Values below this threshold are considered gaps. Defaults to None.

None
bar_height float

Height of timeline bars as fraction of available space. Defaults to 0.8.

0.8
figsize tuple[int, int] | None

tuple[int, int] | None = None,

None
**kwargs dict[str, Any]

Additional keyword arguments for matplotlib broken_barh function.

{}

Returns:

Name Type Description
SubplotBase SubplotBase

The Matplotlib Axes object with the generated plot.

Raises:

Type Description
ValueError

If DataFrame is empty, required columns are missing, or invalid period specified.

KeyError

If specified columns don't exist in the DataFrame.

Source code in pyretailscience/plots/broken_timeline.py
def plot(
    df: pd.DataFrame,
    category_col: str,
    value_col: str,
    title: str | None = None,
    x_label: str | None = None,
    y_label: str | None = None,
    ax: Axes | None = None,
    source_text: str | None = None,
    period: str = "D",
    agg_func: str = "sum",
    threshold_value: float | None = None,
    bar_height: float = 0.8,
    figsize: tuple[int, int] | None = None,
    **kwargs: dict[str, Any],
) -> SubplotBase:
    """Creates a broken timeline plot showing data availability across categories over time.

    Shows periods where data is available as horizontal bars, with gaps indicating missing data periods.

    Args:
        df (pd.DataFrame): The input DataFrame containing the data to be plotted.
        category_col (str): The column containing categories to display on y-axis.
        value_col (str): The column containing values to determine data availability.
        title (str, optional): The title of the plot. Defaults to None.
        x_label (str, optional): The label for the x-axis. Defaults to None.
        y_label (str, optional): The label for the y-axis. Defaults to None.
        ax (Axes, optional): The Matplotlib Axes object to plot on. Defaults to None.
        source_text (str, optional): Text to be displayed as a source at the bottom of the plot. Defaults to None.
        period (str, optional): Period for aggregating data using pandas to_period ("D", "W").
            Defaults to "D".
        agg_func (str, optional): The aggregation function to apply to the value_col when grouping by period.
            Defaults to "sum".
        threshold_value (float, optional): Values below this threshold are considered gaps. Defaults to None.
        bar_height (float, optional): Height of timeline bars as fraction of available space. Defaults to 0.8.
        figsize: tuple[int, int] | None = None,
        **kwargs (dict[str, Any]): Additional keyword arguments for matplotlib broken_barh function.

    Returns:
        SubplotBase: The Matplotlib Axes object with the generated plot.

    Raises:
        ValueError: If DataFrame is empty, required columns are missing, or invalid period specified.
        KeyError: If specified columns don't exist in the DataFrame.
    """
    date_col = get_option("column.transaction_date")

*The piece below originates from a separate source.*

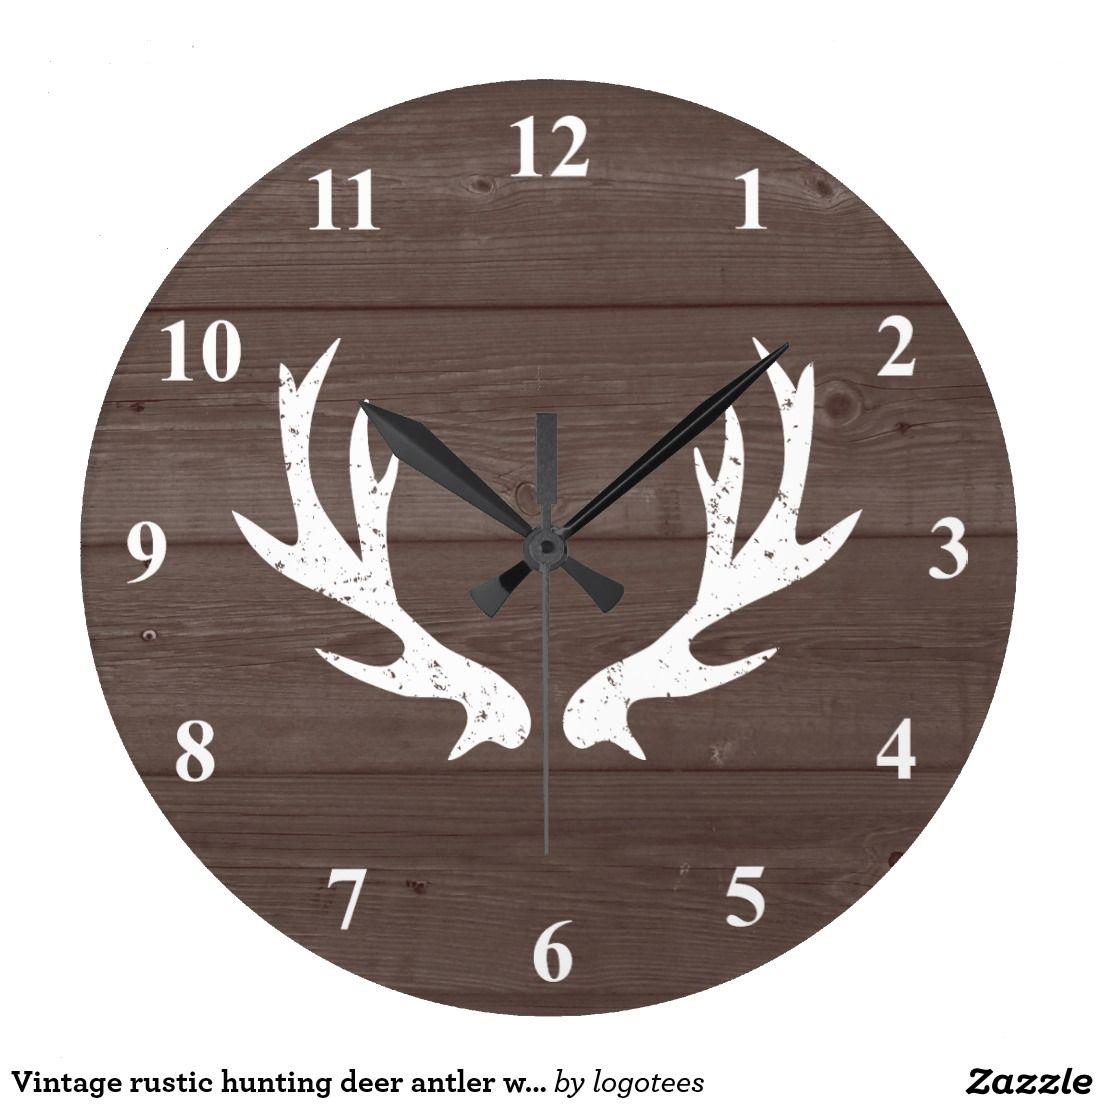 Vintage Rustic Hunting Deer Antler Wood Wall Clock Zazzle Com Wood Wall Clock Deer Bedroom Decor Wall Clock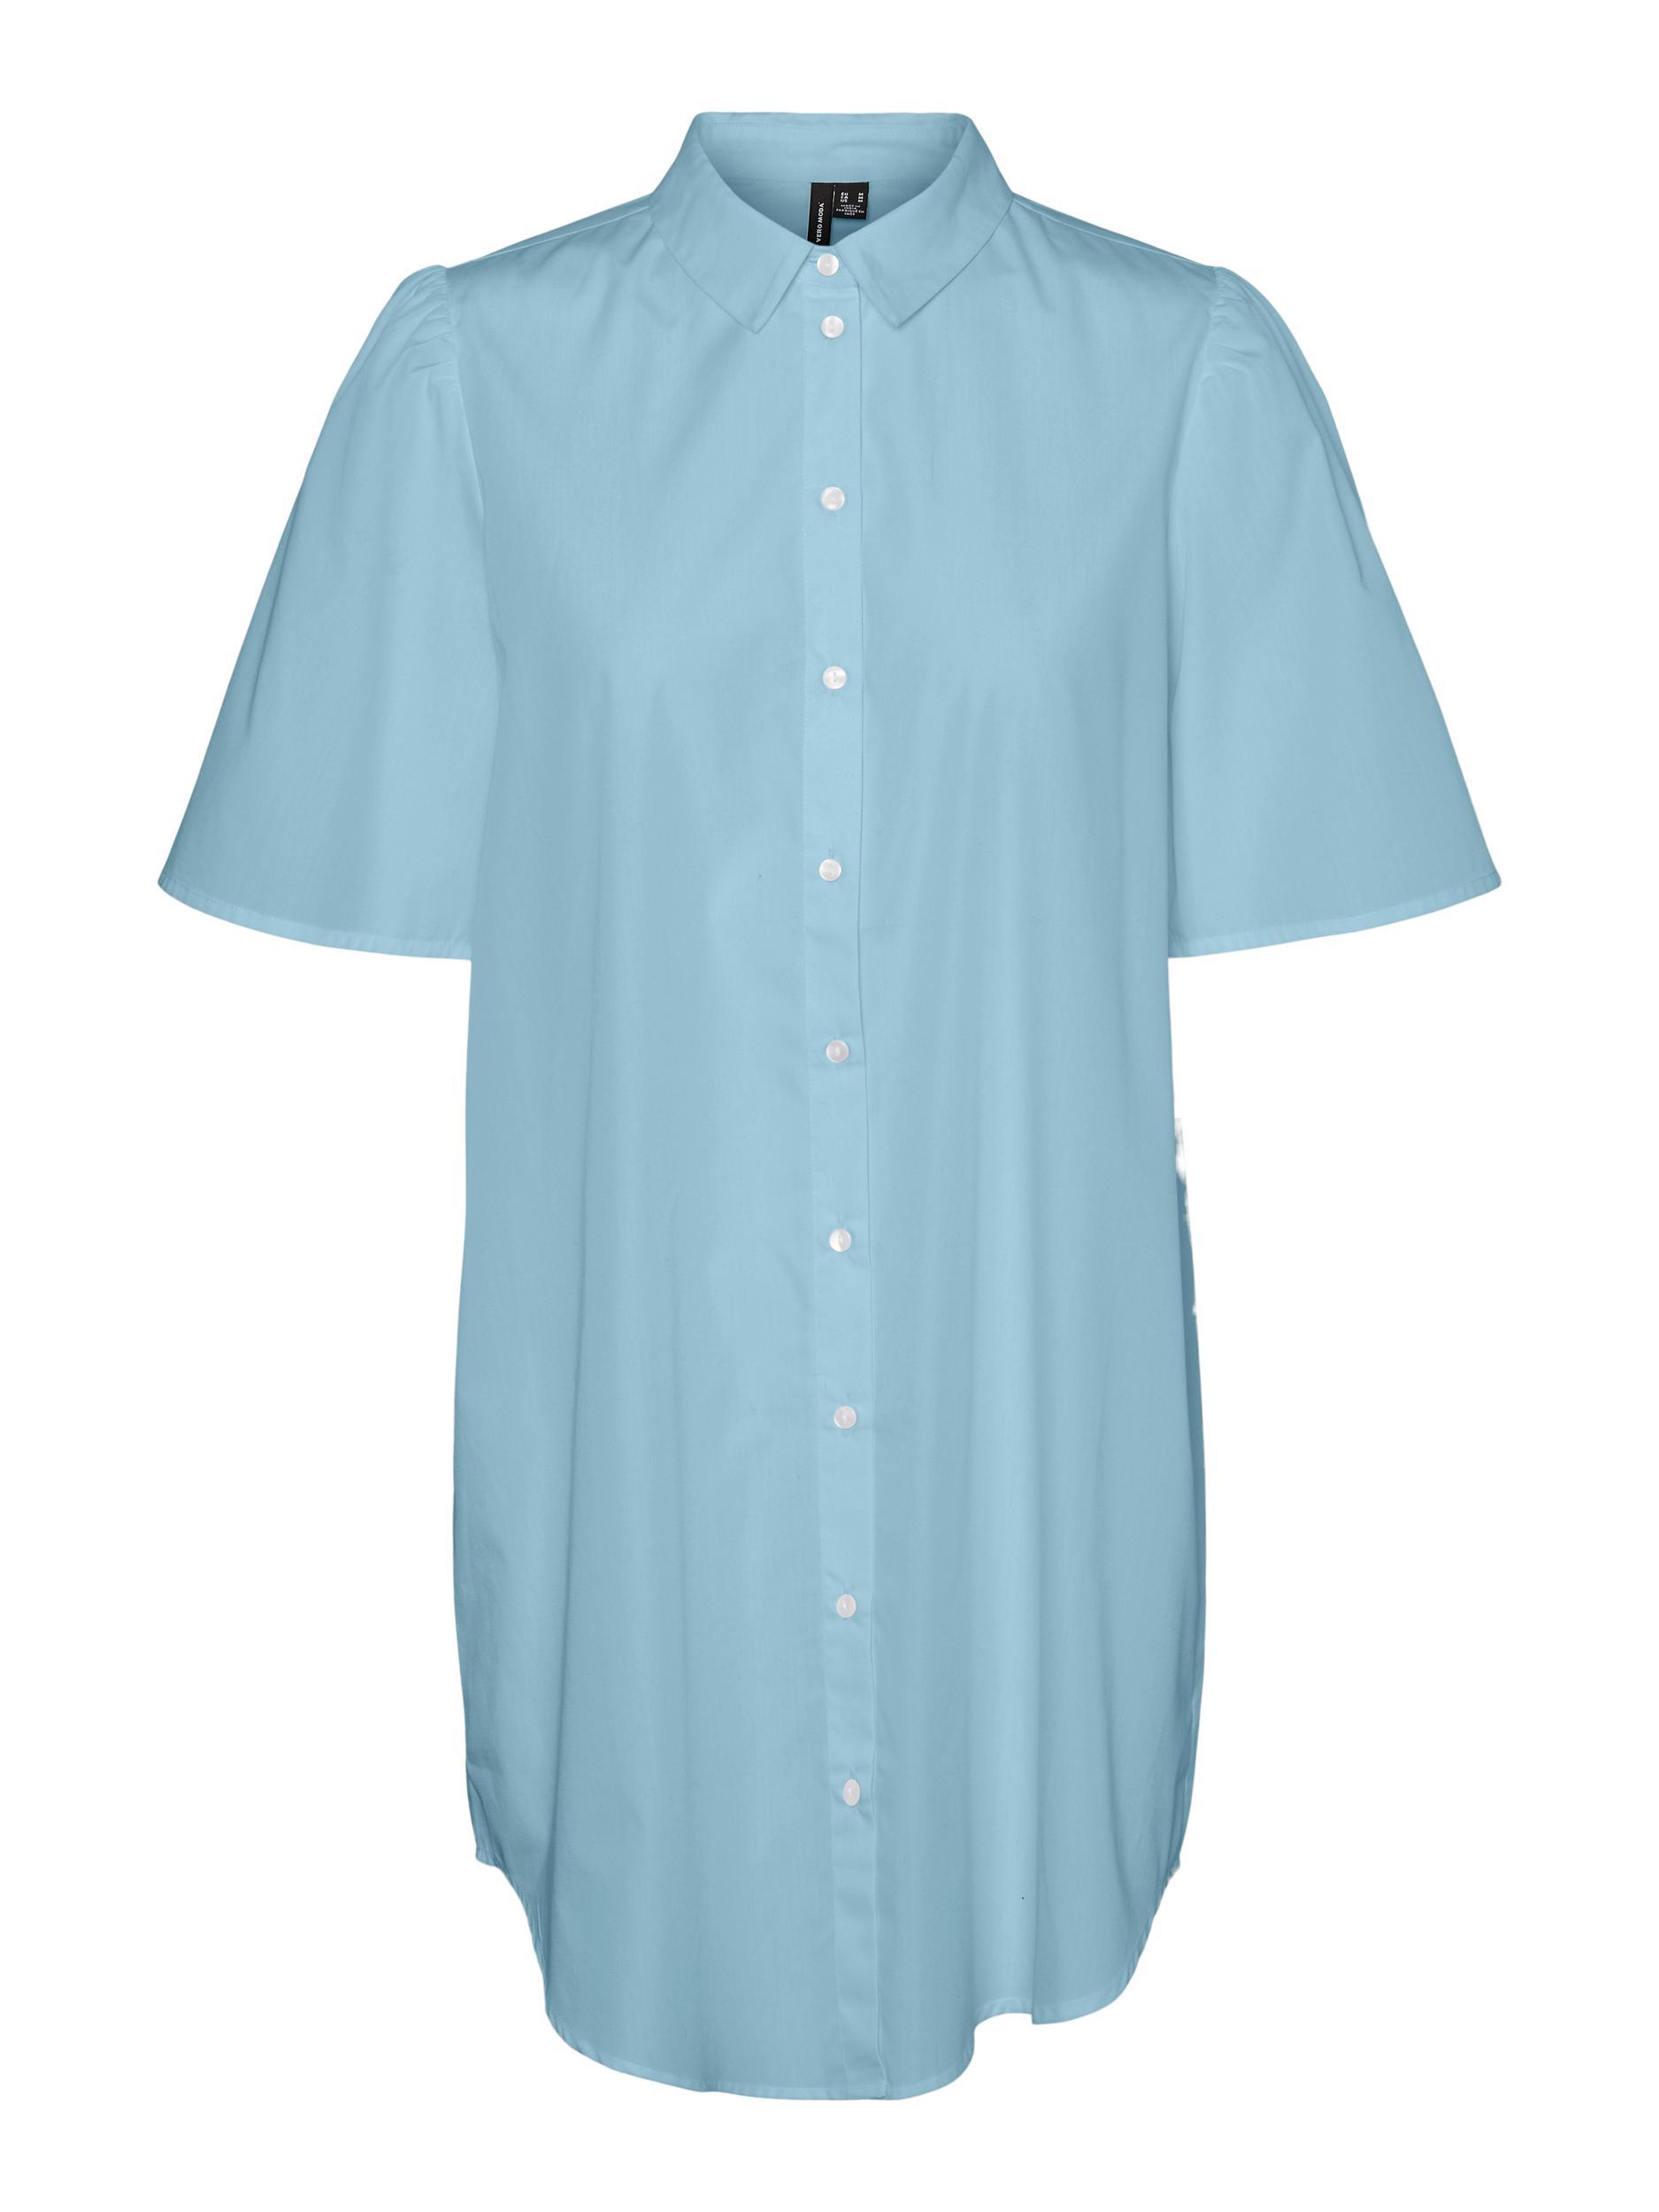 Vero Moda Hella skjorte, aqua, large

    # Convert period to uppercase to handle lowercase inputs
    period = period.upper()

    # Validate required columns exist
    _validate_inputs(df, category_col, value_col, date_col, period)

    # Create a copy of the data and ensure date column is datetime
    df_copy = df.copy()
    df_copy[date_col] = pd.to_datetime(df_copy[date_col])

    # Apply threshold filter if specified
    if threshold_value is not None:
        df_copy = df_copy[df_copy[value_col] >= threshold_value]

    df_copy["period"] = df_copy[date_col].dt.to_period(period)
    df_copy = df_copy.groupby([category_col, "period"]).agg({value_col: agg_func}).reset_index()
    df_copy[date_col] = df_copy["period"].dt.start_time

    # Sort by date once for all categories
    df_copy = df_copy.sort_values(date_col)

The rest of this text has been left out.